> _TASK GOAL_
Below is a listing; print exactly its lines from the one containing "a059c93cee Etnies Marana" down to the one containing "f5d8cbb7b6f2 Společenské-maturitní-plesové šaty-do", both inclusive, with every picture left out.

> _PROVIDED DATA_
--*--

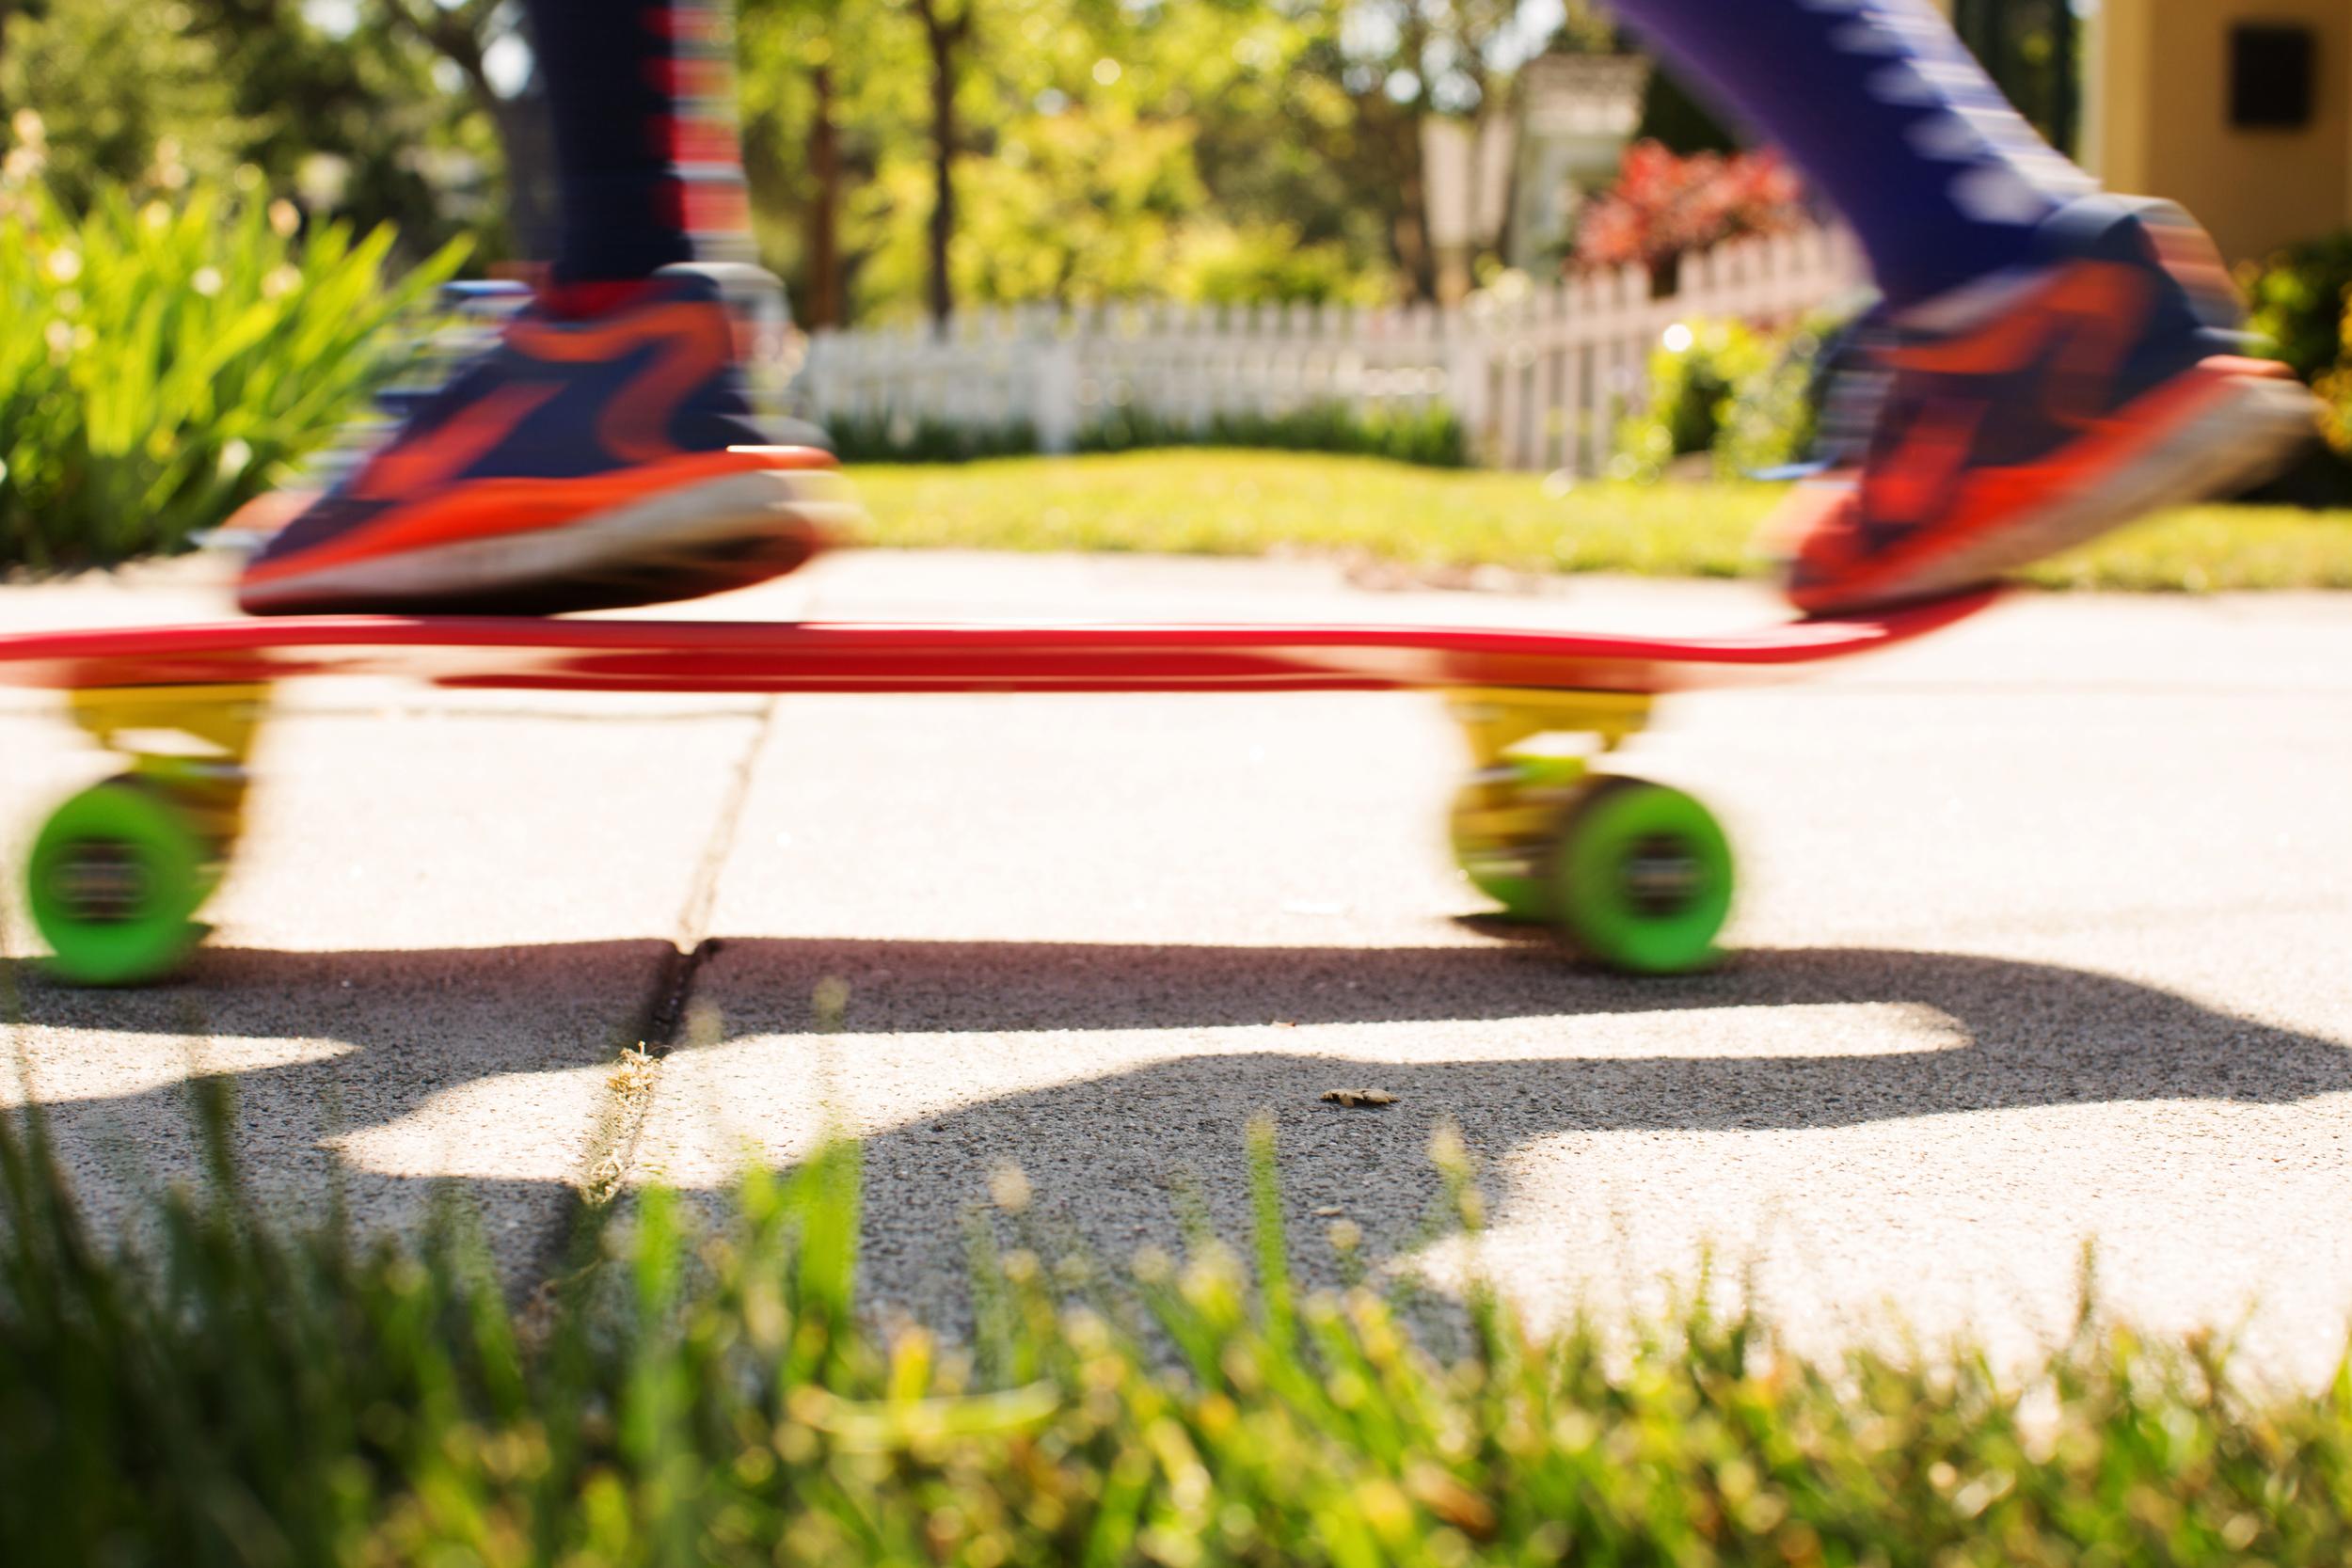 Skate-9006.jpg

--*--

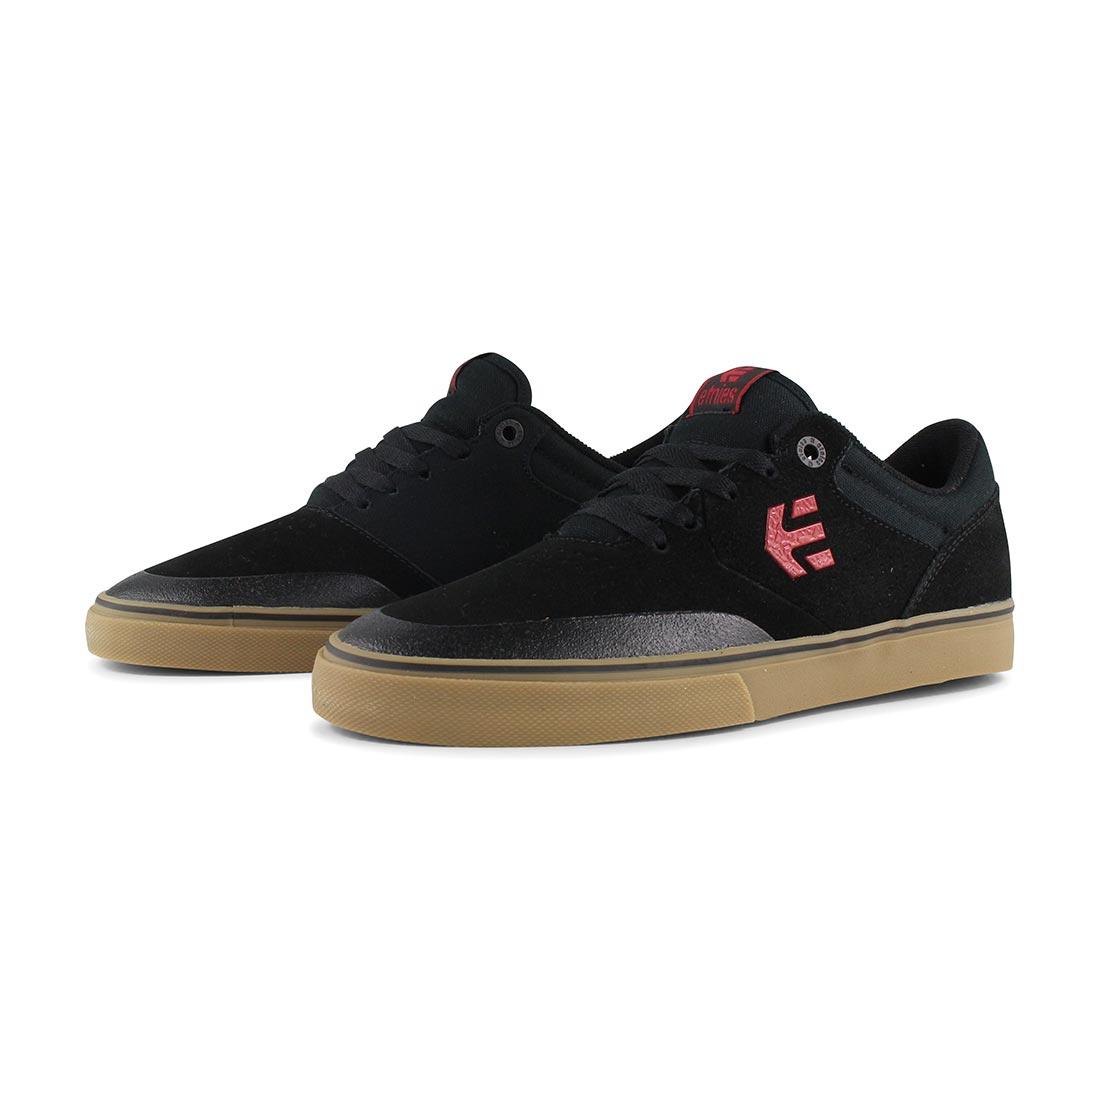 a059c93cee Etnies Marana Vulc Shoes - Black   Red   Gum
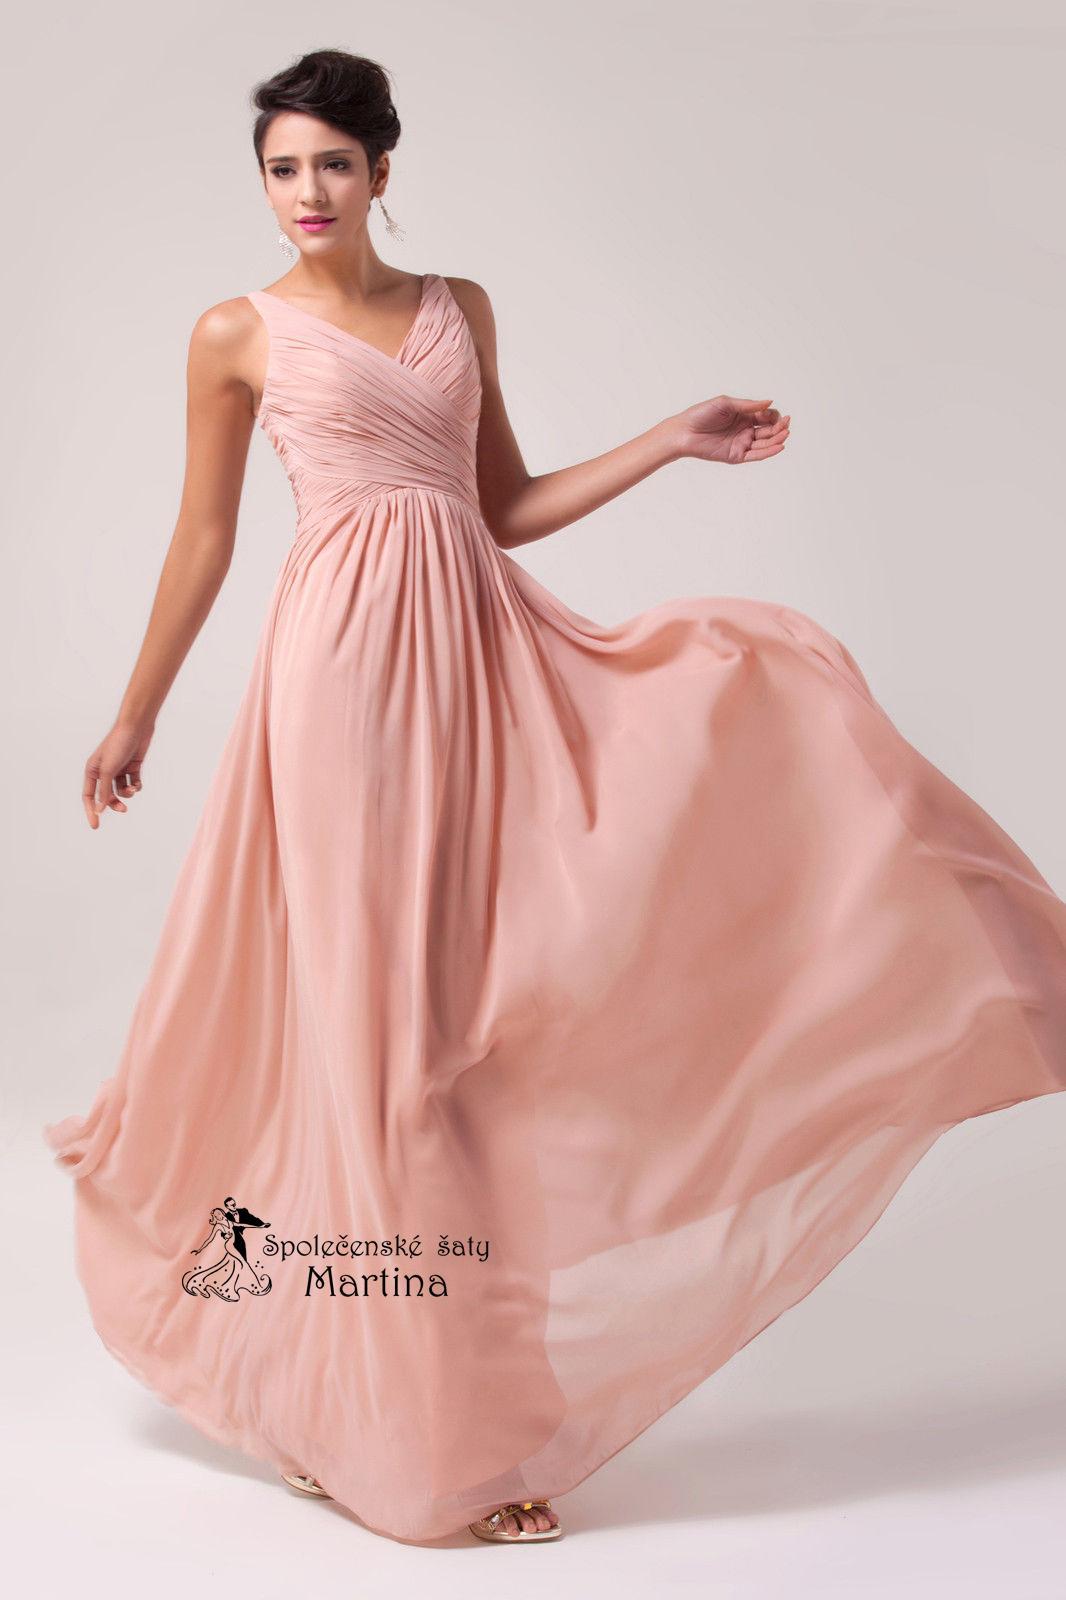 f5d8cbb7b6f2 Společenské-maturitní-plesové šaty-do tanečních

--*--

> _SOLUTION TO THIS PROBLEM_
 a059c93cee Etnies Marana Vulc Shoes - Black   Red   Gum
 f5d8cbb7b6f2 Společenské-maturitní-plesové šaty-do tanečních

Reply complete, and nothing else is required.